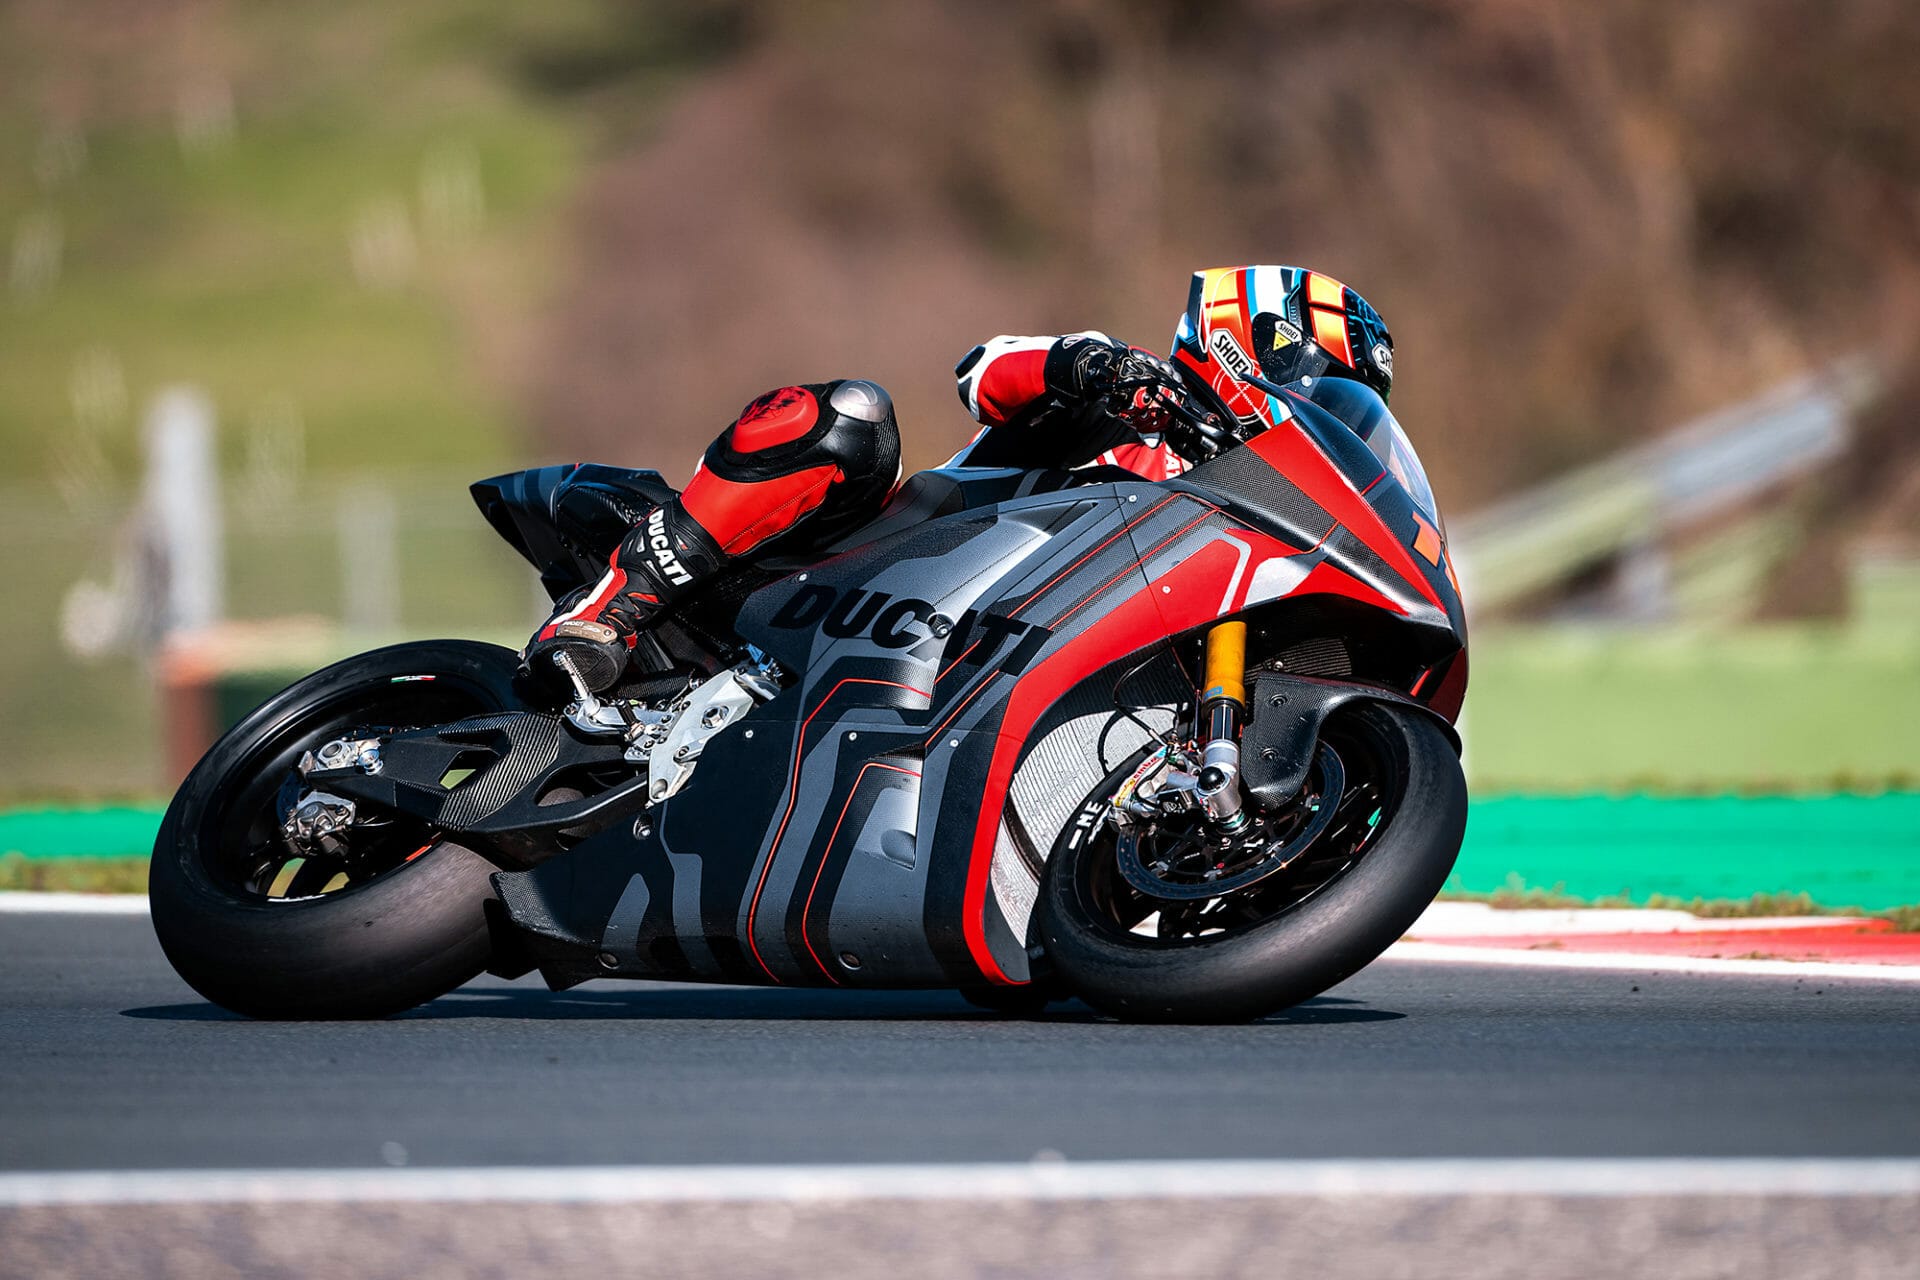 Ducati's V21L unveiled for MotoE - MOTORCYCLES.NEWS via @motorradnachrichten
--
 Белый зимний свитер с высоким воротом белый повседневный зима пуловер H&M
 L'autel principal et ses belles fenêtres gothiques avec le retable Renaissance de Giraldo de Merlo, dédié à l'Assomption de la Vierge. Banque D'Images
* * *
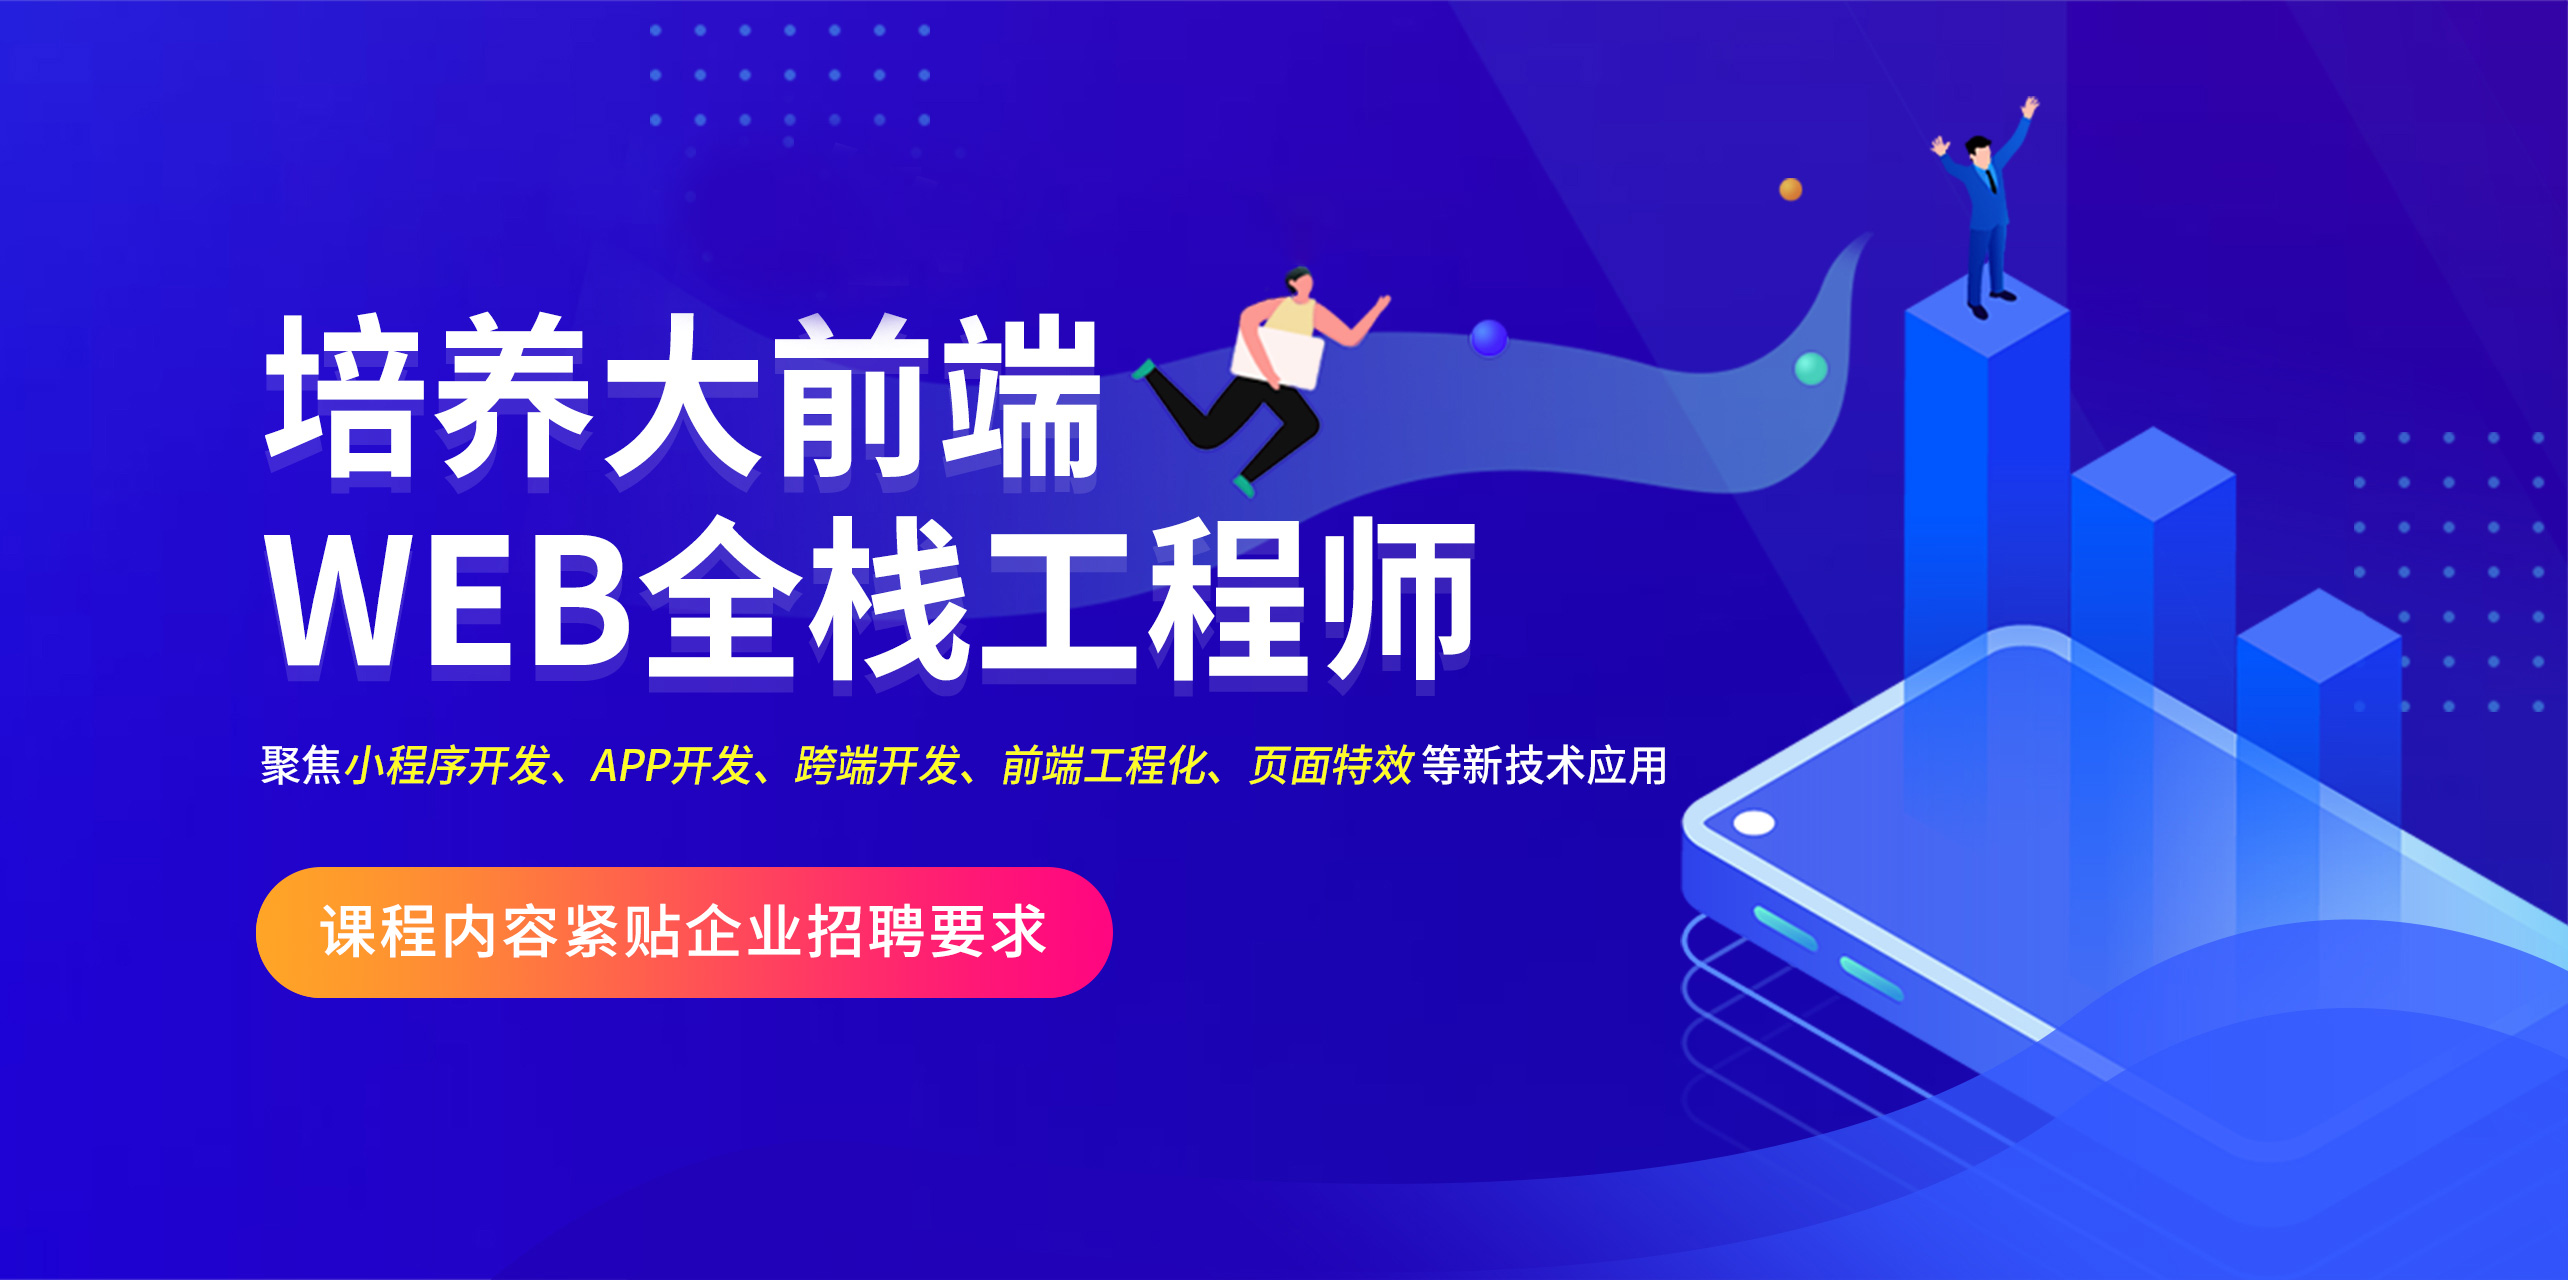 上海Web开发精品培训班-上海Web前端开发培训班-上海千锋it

Work required: Output, from the data above, the lines from the line with "Белый зимний свитер" to the line with "L'autel principal et" exactly as they stand, both ends included and nothing else.

Answer area:
 Белый зимний свитер с высоким воротом белый повседневный зима пуловер H&M
 L'autel principal et ses belles fenêtres gothiques avec le retable Renaissance de Giraldo de Merlo, dédié à l'Assomption de la Vierge. Banque D'Images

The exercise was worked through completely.